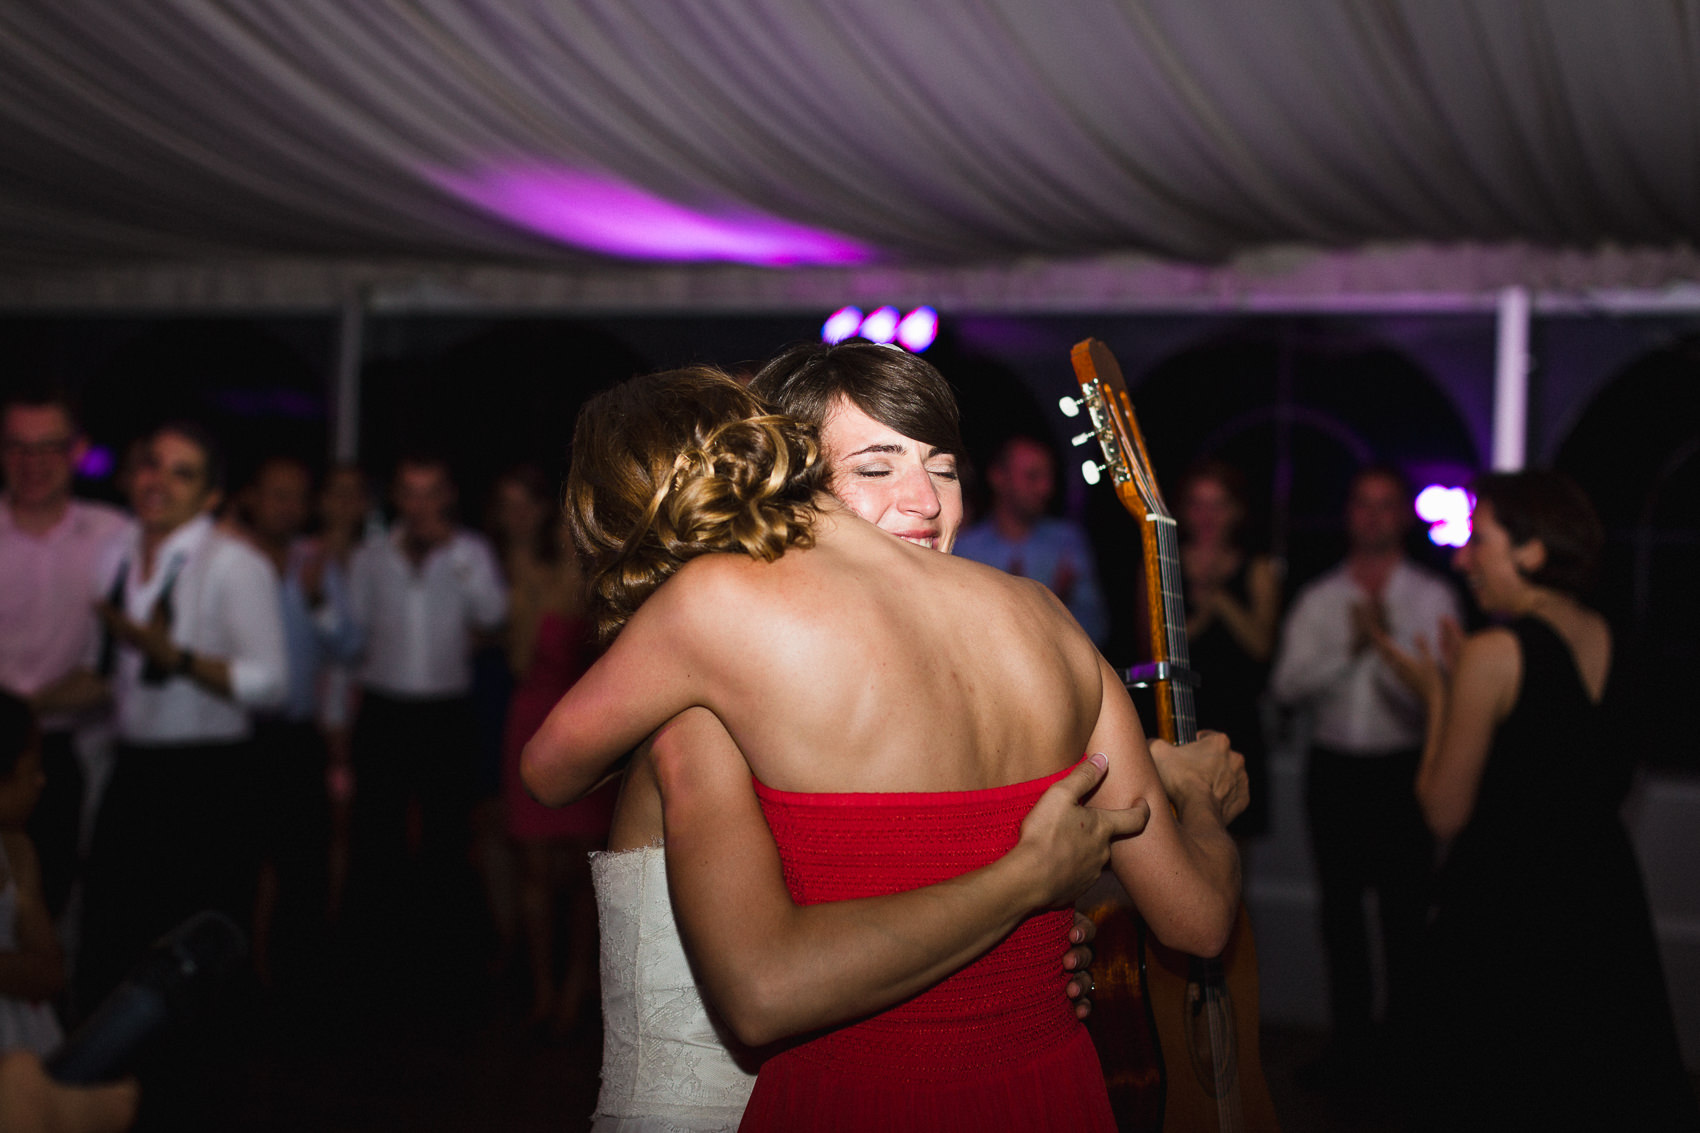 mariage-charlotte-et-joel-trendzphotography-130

- - -

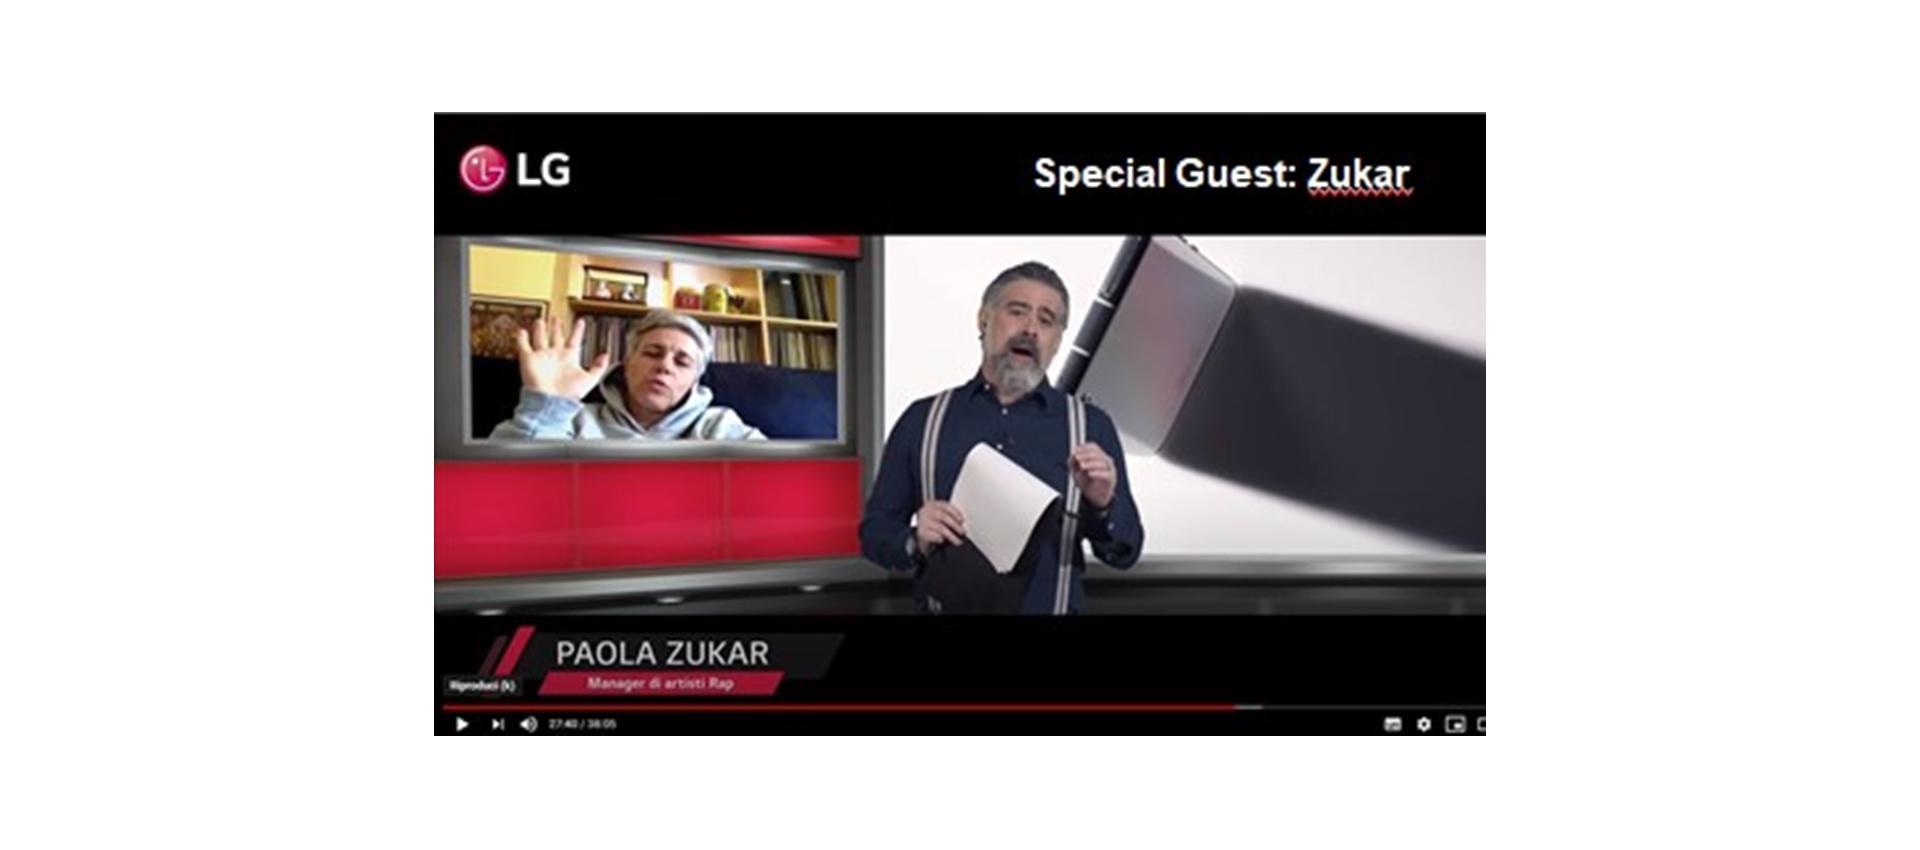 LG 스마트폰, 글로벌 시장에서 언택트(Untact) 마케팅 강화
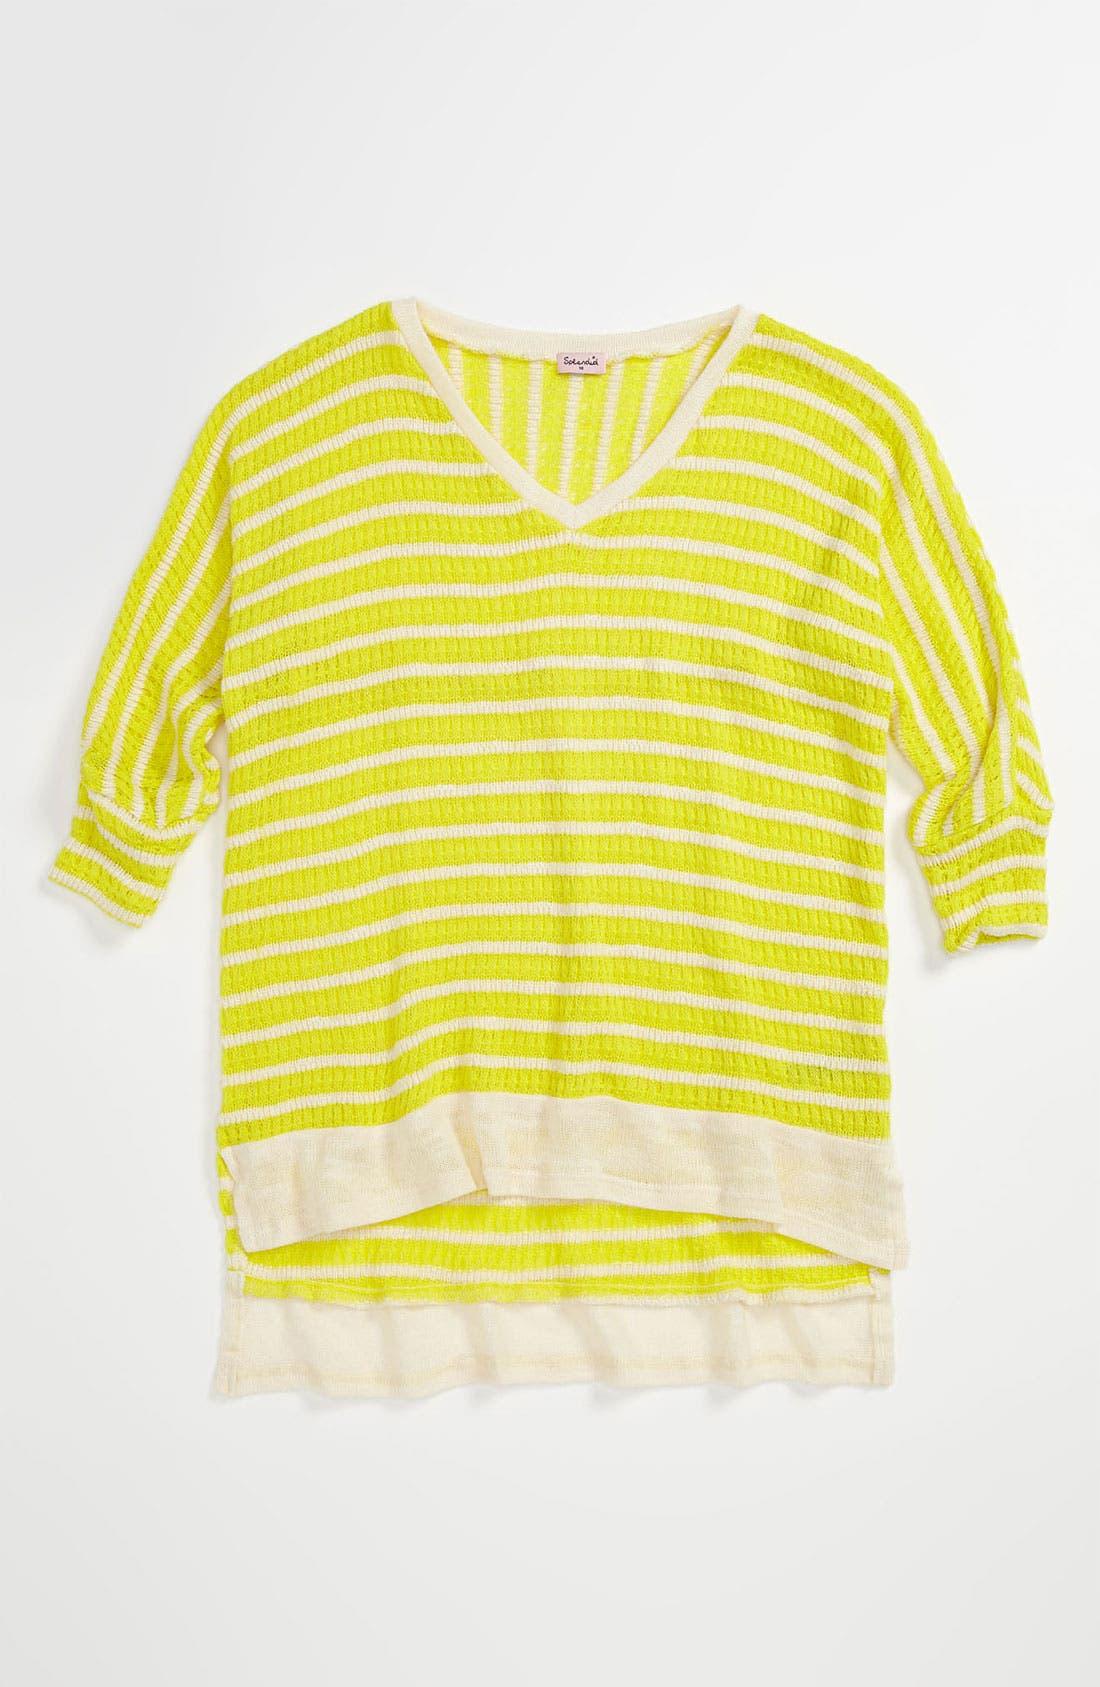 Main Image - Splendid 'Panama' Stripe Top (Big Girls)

- - -

■ **Task directions**
The answer must be the lines above from the one containing "LG 스마트폰, 글로벌 시장에서 언택트(Untact) 마케팅 강화" through the one containing "Main Image - Splendid", reproduced exactly, with no pictures and nothing else.

■ **Response**
 LG 스마트폰, 글로벌 시장에서 언택트(Untact) 마케팅 강화
 Main Image - Splendid 'Panama' Stripe Top (Big Girls)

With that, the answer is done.